Same from me on all 30 nodes currently online
I can confirm this behaviour.
Seems to be on just some of my nodes, although almost halving the total node sizes.
Just wait a day and see whether or corrects itself?
The system works correctly but for 2 days only US1 has not updated the data on the nodes. The others perfect and without problems.
I confirm. I have a similar problem with the satellite on all nodes in all locations.
US1 started acting strange for me a couple days ago. It claims a couple nodes are offline (while AP1/EU1/Saltlake say those nodes are fine). Those nodes show they’re online in a couple tools (including that QUIC is working) AND those nodes are still uploading/downloading data managed by the US1 satellite!
Like… how can I still be serving data for US1-related customers, and making the other three satellites happy…but the US1 satellite thinks the nodes are offline? I think they’re making other upgrades now (bloom filter code?) so I’ll wait a few days to see if it clears up…
To be honest it is not like it was correct before.
For me it has been for more than a month now and it is getting worse every day.
If nothing changes until end of this month all of my nodes will go offline.

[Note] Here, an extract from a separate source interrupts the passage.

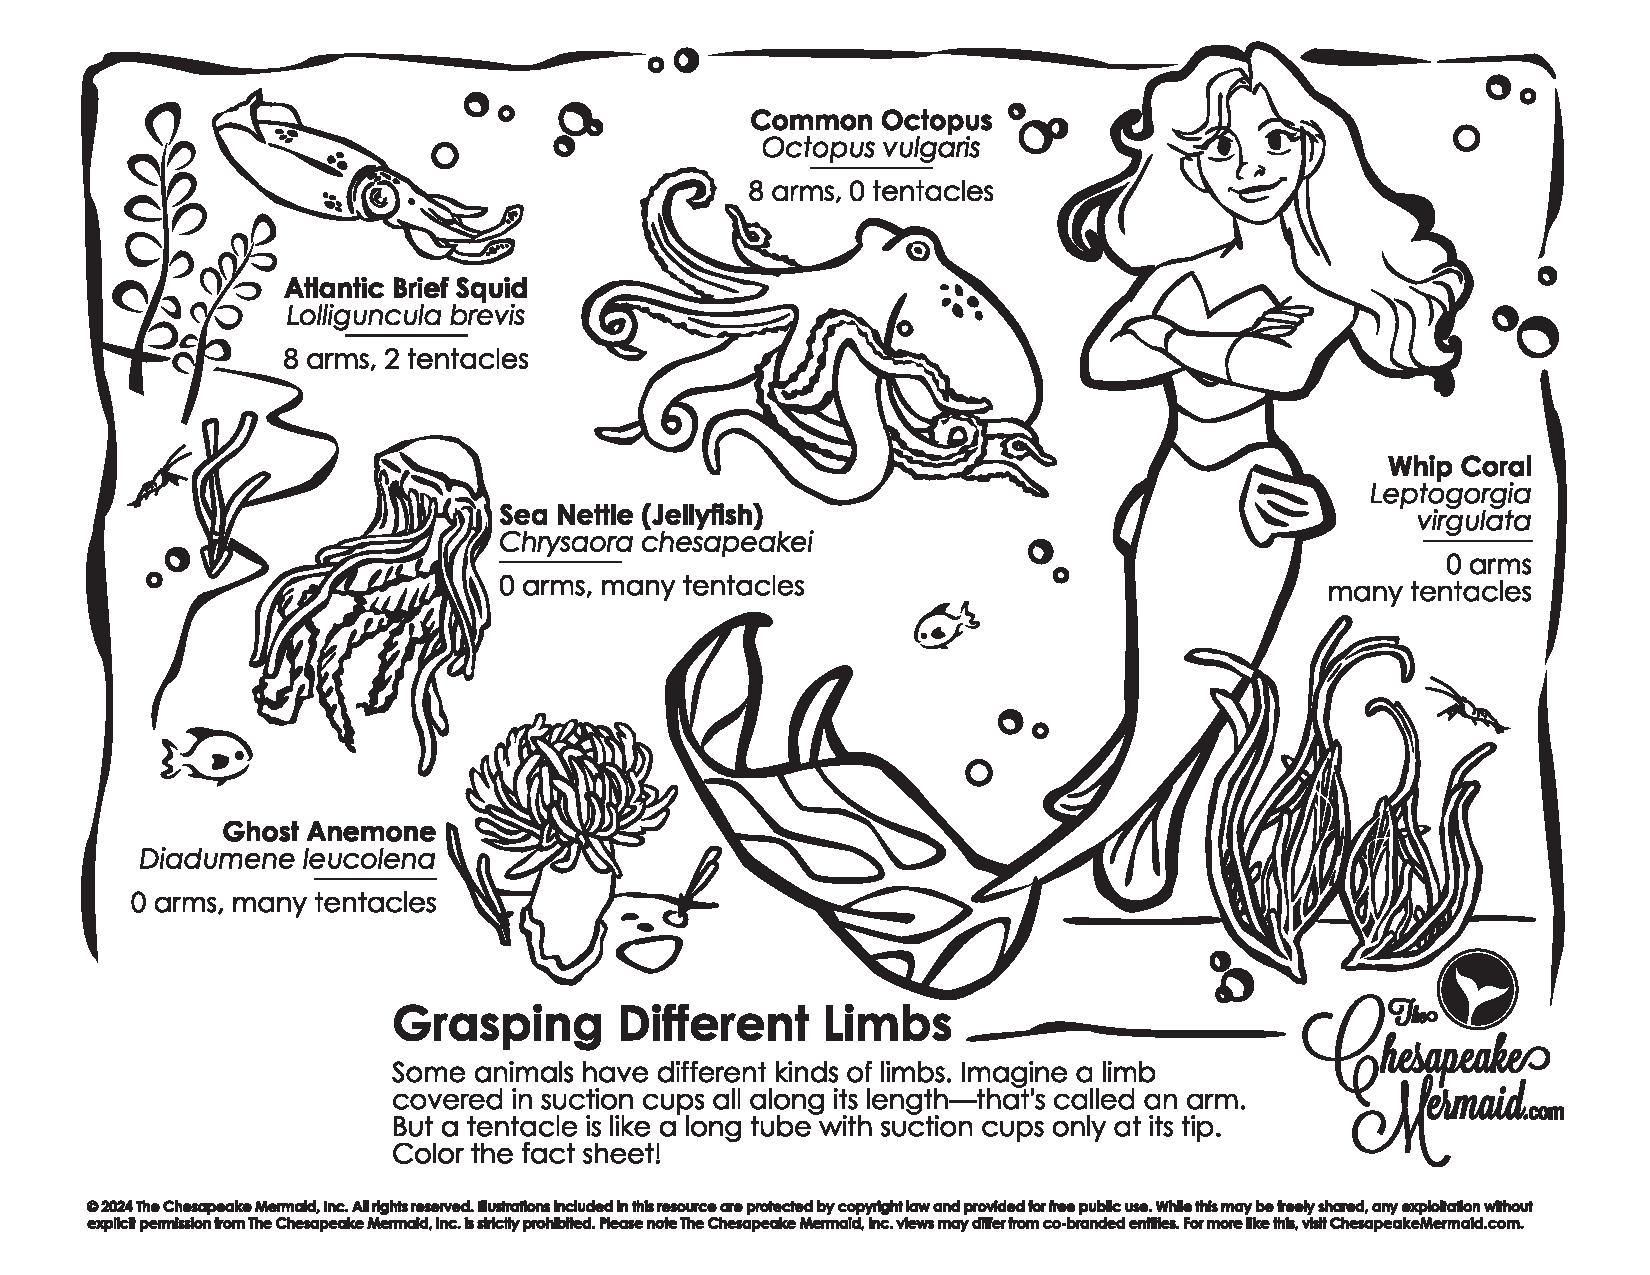 Grasping Different Limbs!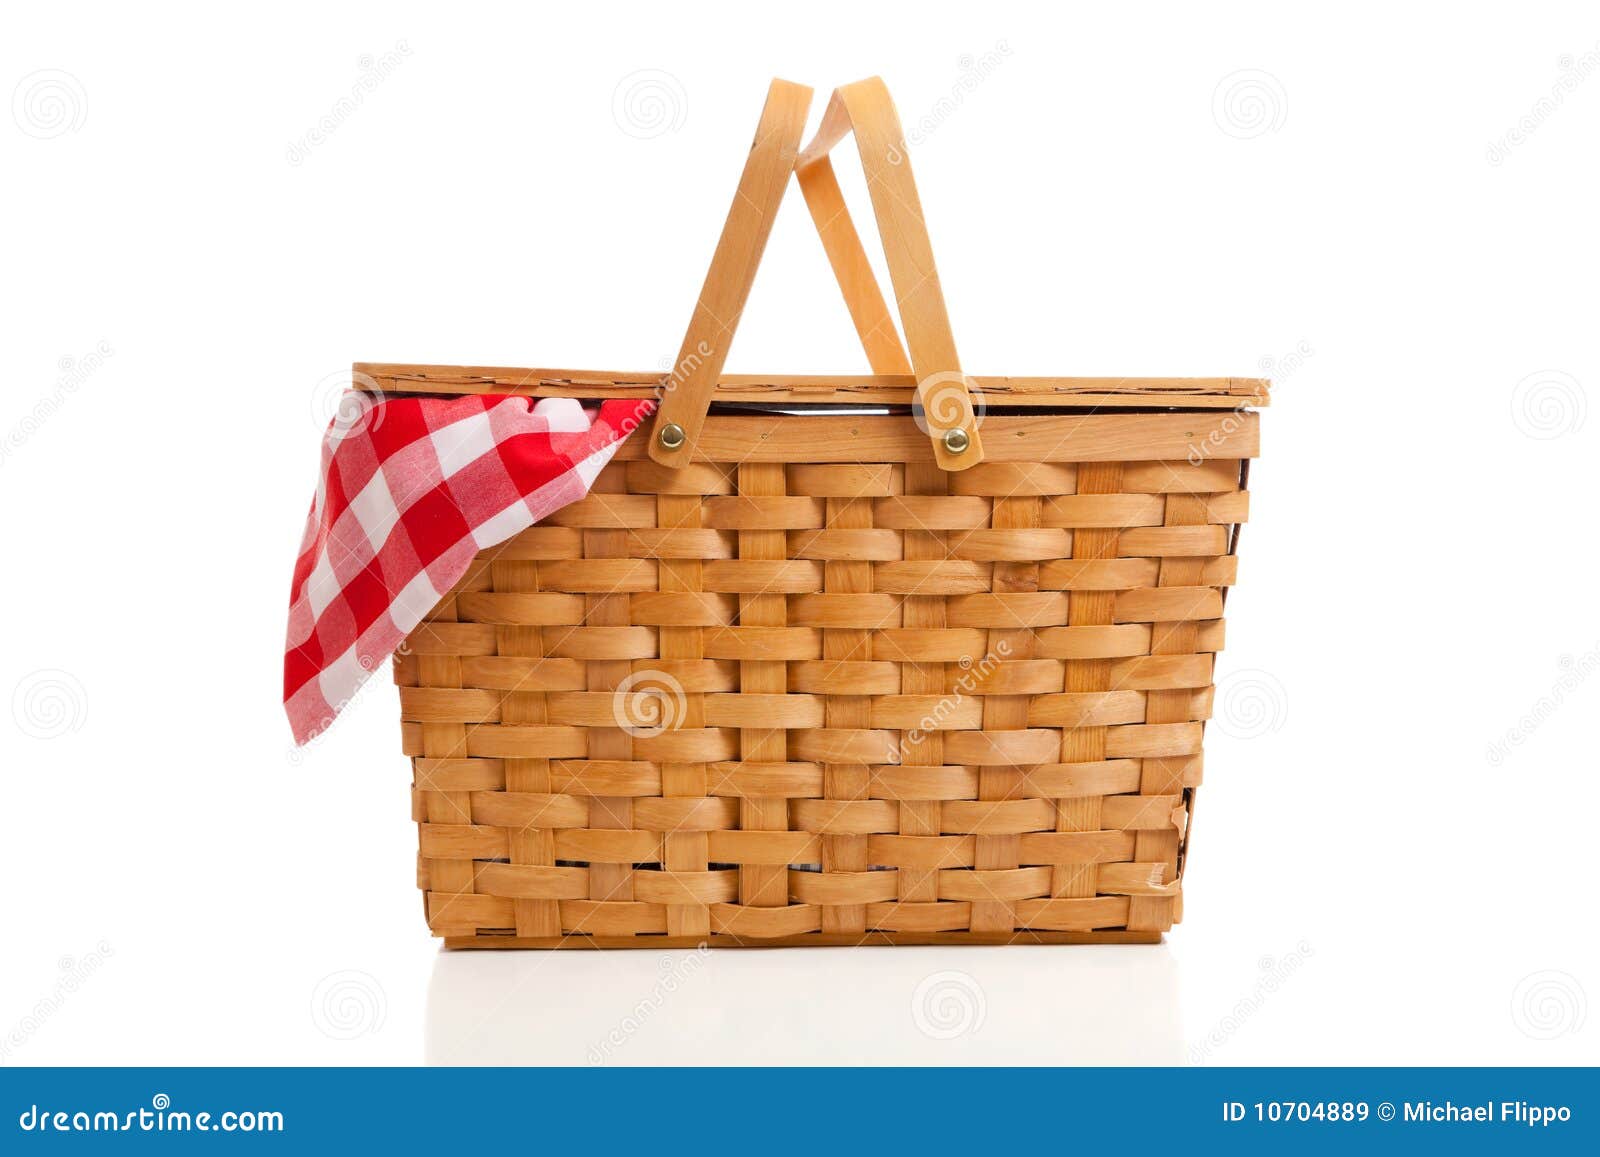 wicker picnic basket with gingham cloth

As an example my smallest node that hat constantly over 3.2 TB used space. But the average is reported and paid as 2.5 TB.
So if you can not calculate correctly or do not want to pay us according to your usage it will be a fast descision. At in the end it is still a business for all of us. But one party is trying mess around with the other…
US Satellite has updated and my overage usage is in line with historical calculations.
Can confirm. All smoth now.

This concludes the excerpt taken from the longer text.